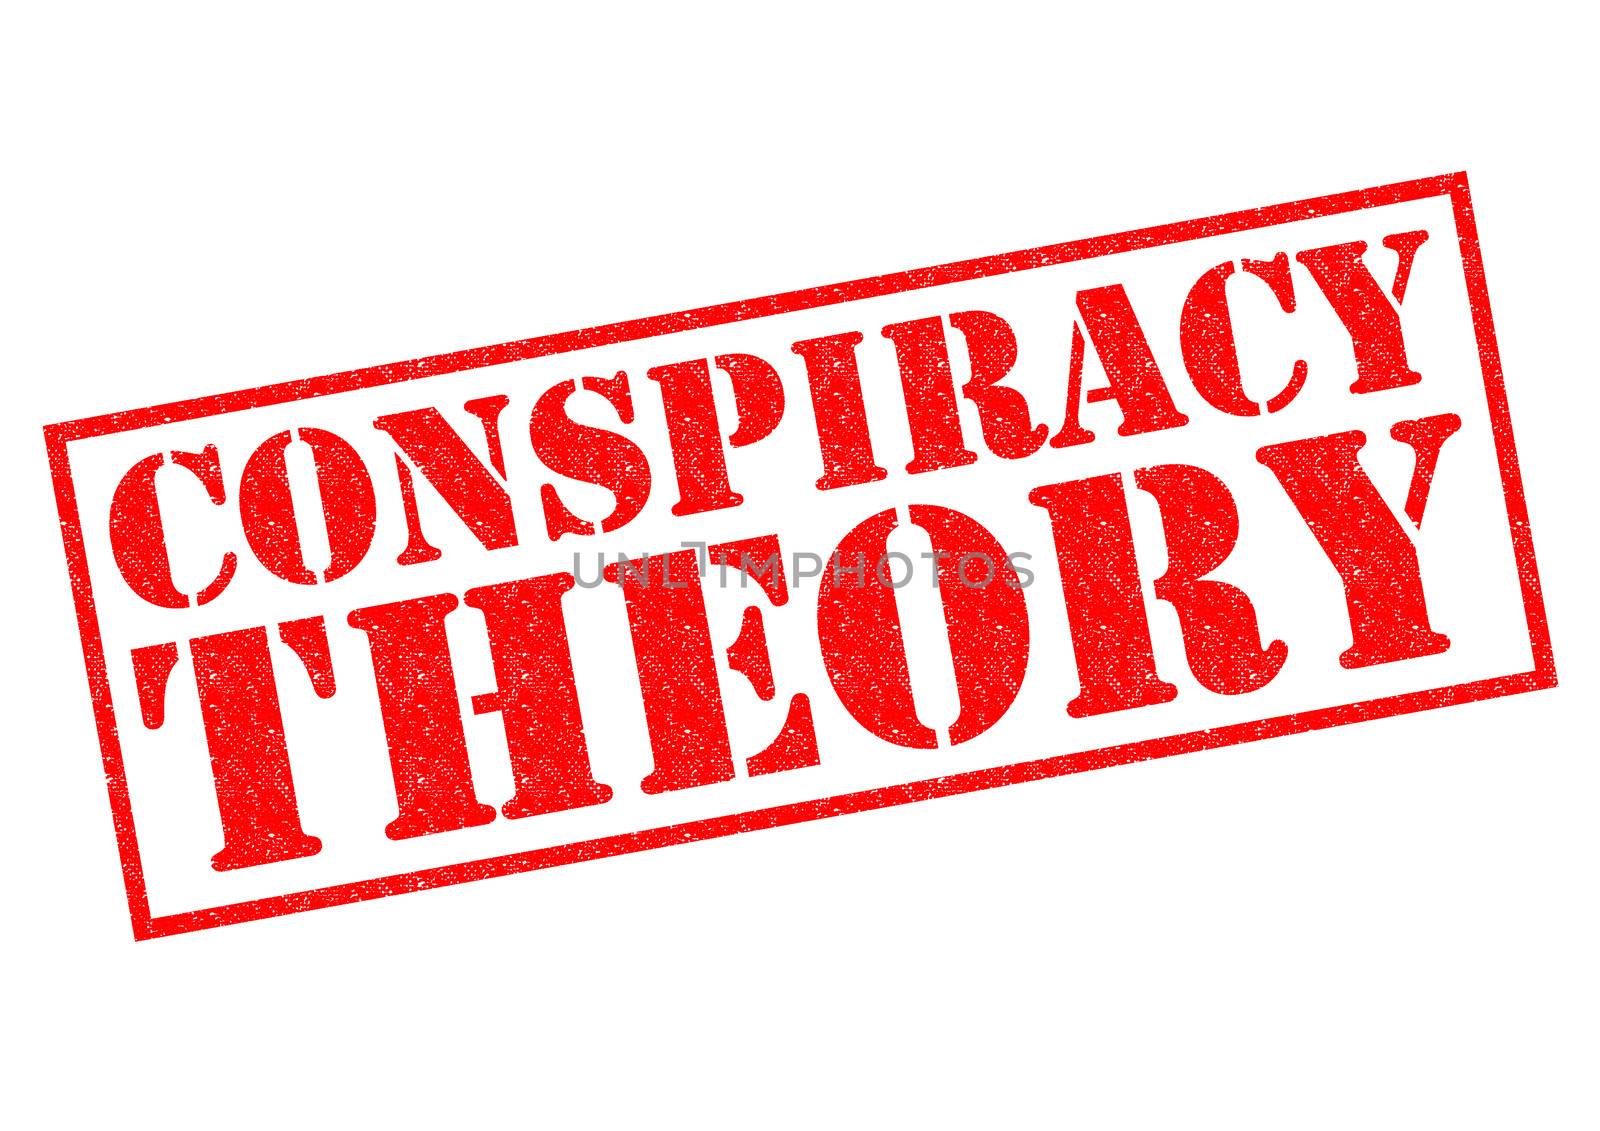 CONSPIRACY THEORY red Rubber Stamp over a white background.
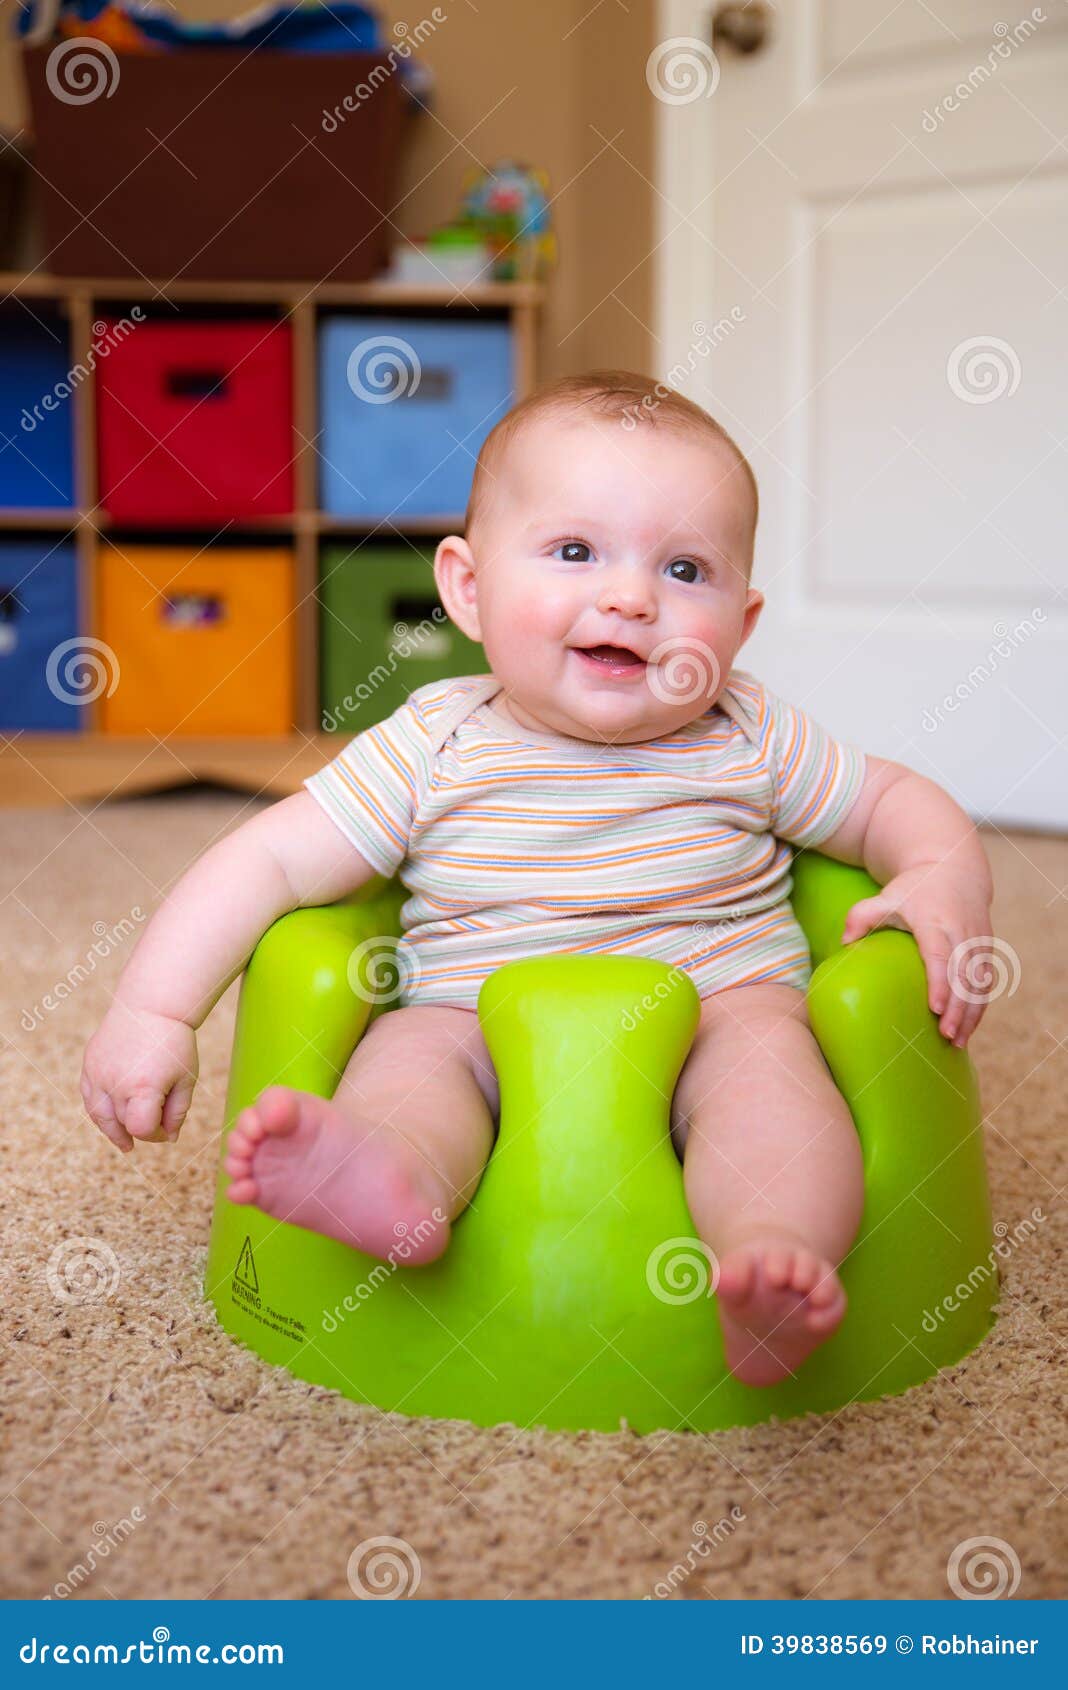 chair to help infant sit up
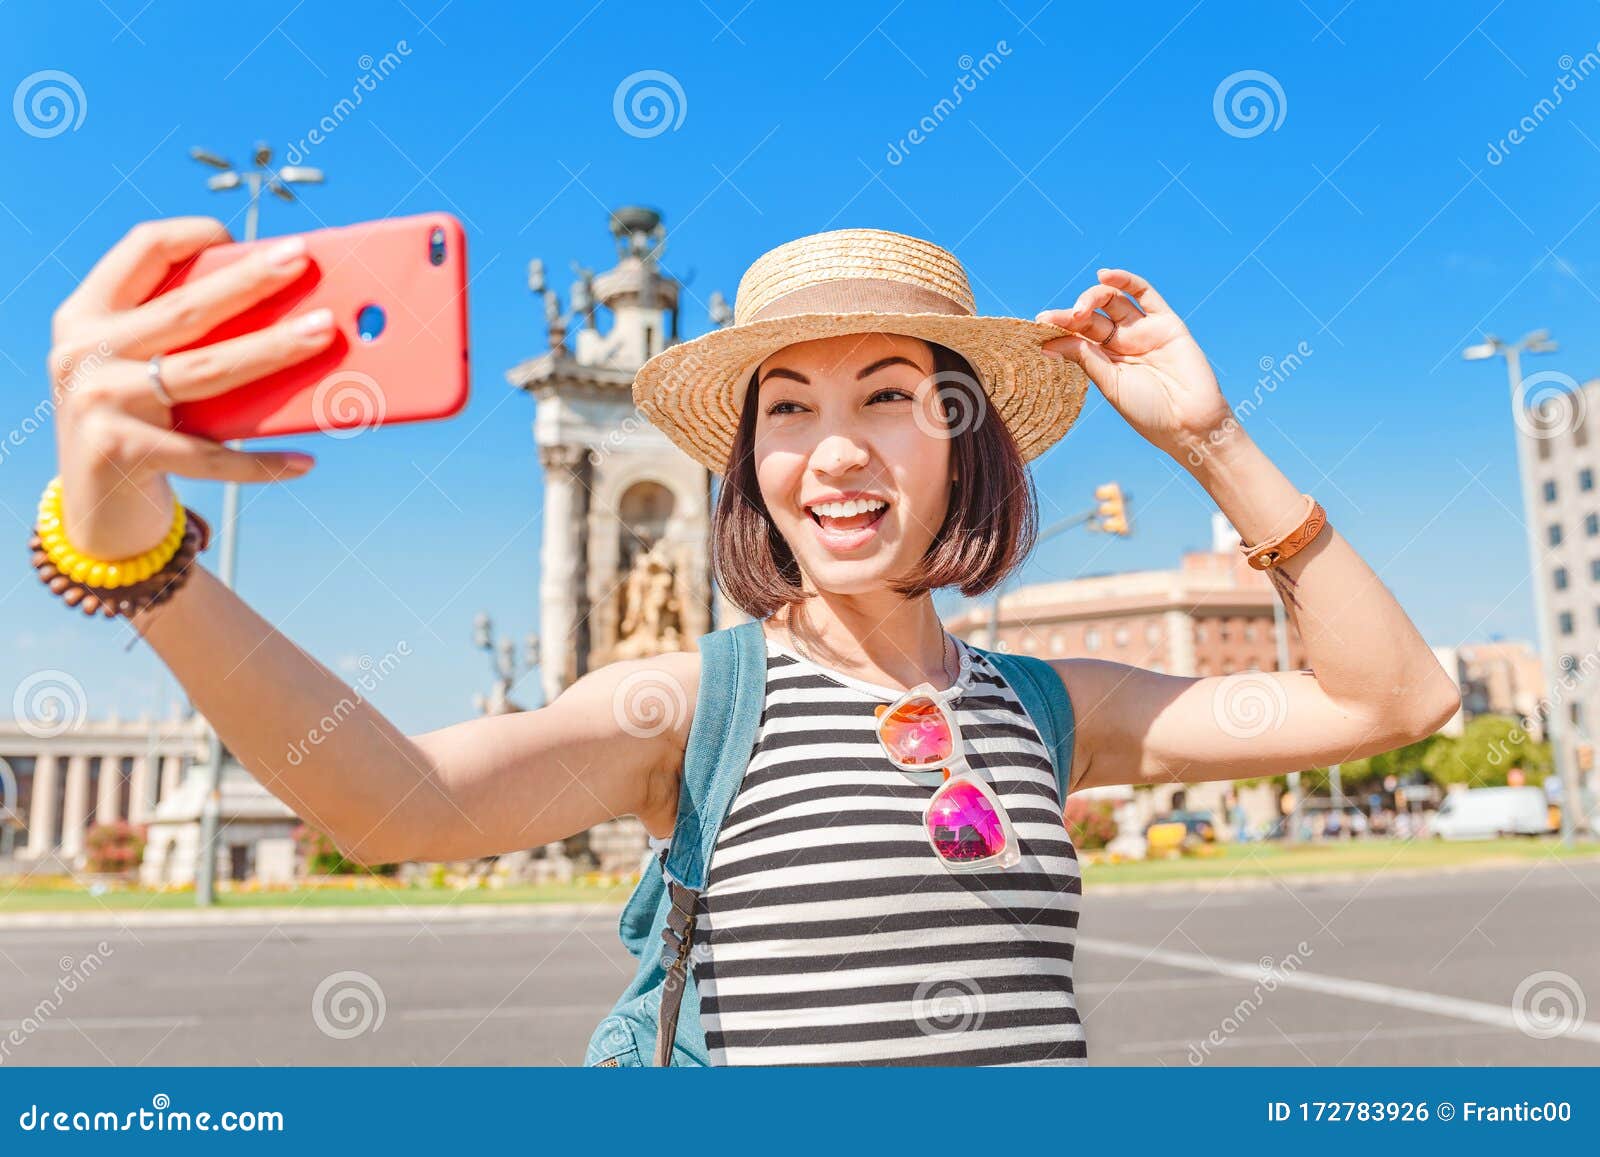 Woman Tourist Making Selfie Photo at the Spain Square in Barcelona City ...
● ● ● ● ● ● ●
#### [About this exercise]
From the first line to the last, write out the data exactly, dropping any pictures.

#### [Answer for the task]
 CONSPIRACY THEORY red Rubber Stamp over a white background.
 chair to help infant sit up
 Woman Tourist Making Selfie Photo at the Spain Square in Barcelona City ...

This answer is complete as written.